Gina Ochsner's interests in folklore and myth often suffuse these stories of visitations, crossings, partings, and second chances. Fears and longings, for example, are often projected onto animals such as the earthbound, ice-covered swans of the Siberian tundra in "Sixty-six Degrees North." Likewise, Ochsner's insights into history-burdened contemporary life in Eastern Europe and Russia also filter through. In "Then, Returning" a Lithuanian and a Russian sort body parts and marble fragments in a Vilnius cemetery hit by stray artillery shells. As they work, a group of American genealogy buffs approaches, filled with hope that a day among the gravestones will bring order to their family trees.
In such wildly inventive ways, Gina Ochsner gives us new means to think about how the dead remain among us and how we can find beauty and solace even in graceless times and places.

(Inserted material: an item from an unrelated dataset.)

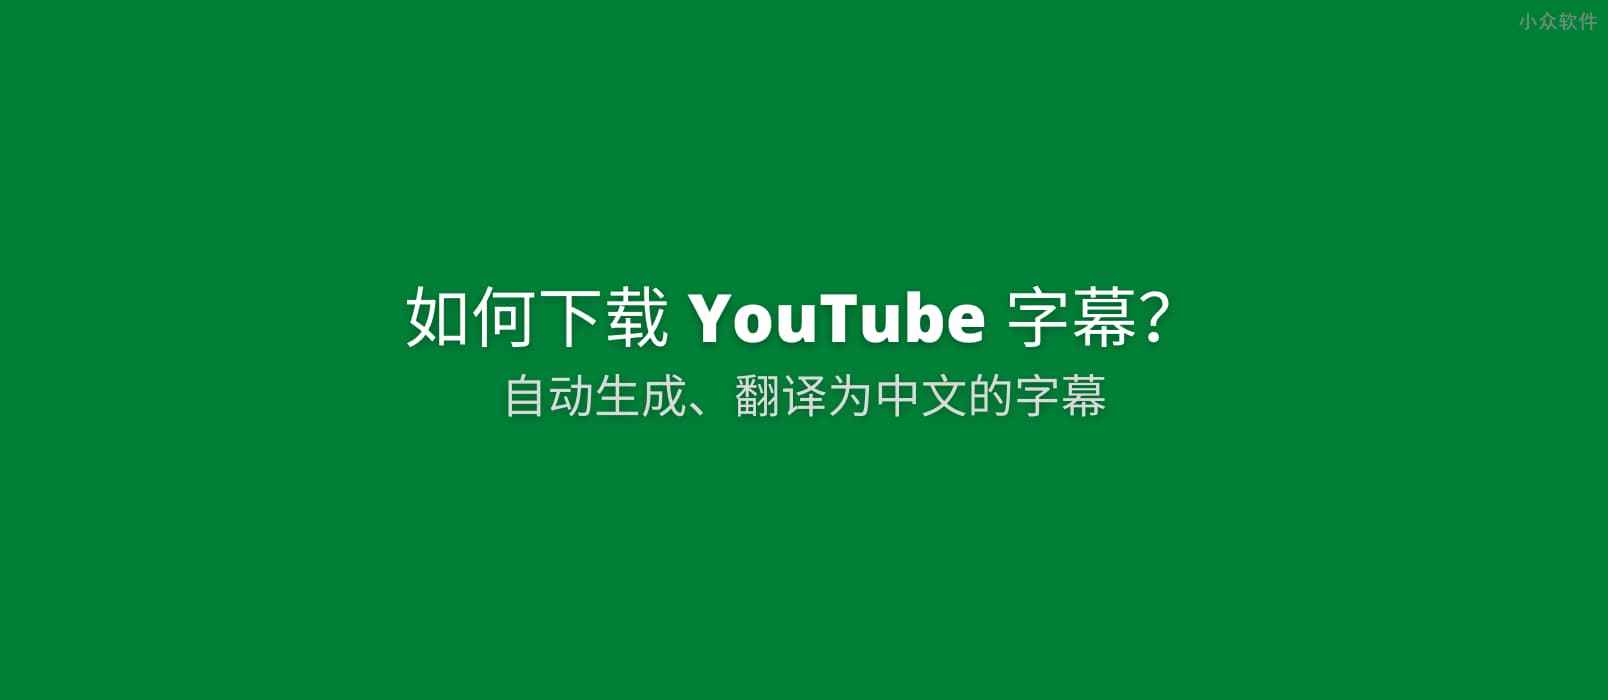 如何下载 YouTube 为视频自动生成并翻译为中文的字幕文件[Chrome]

Gina Ochsner is the author of the novel The Russian Dreambook of Colour and Flight and the short story collection People I Wanted to Be. Her fiction has appeared in the New Yorker, Best American Nonrequired Reading, Glimmer Train, Kenyon Review, and many other magazines. She has received the Ruth Hindman Foundation Prize, the Raymond Carver Prize, and the Chelsea Award for Short Fiction. In addition to winning the Flannery O'Connor Award for Short Fiction, The Necessary Grace to Fall also won the Oregon Book Award, the Pacific Northwest Booksellers Association Award, and was an Austin Chronicle Top Ten Pick. Ochsner lives in western Oregon with her husband and children.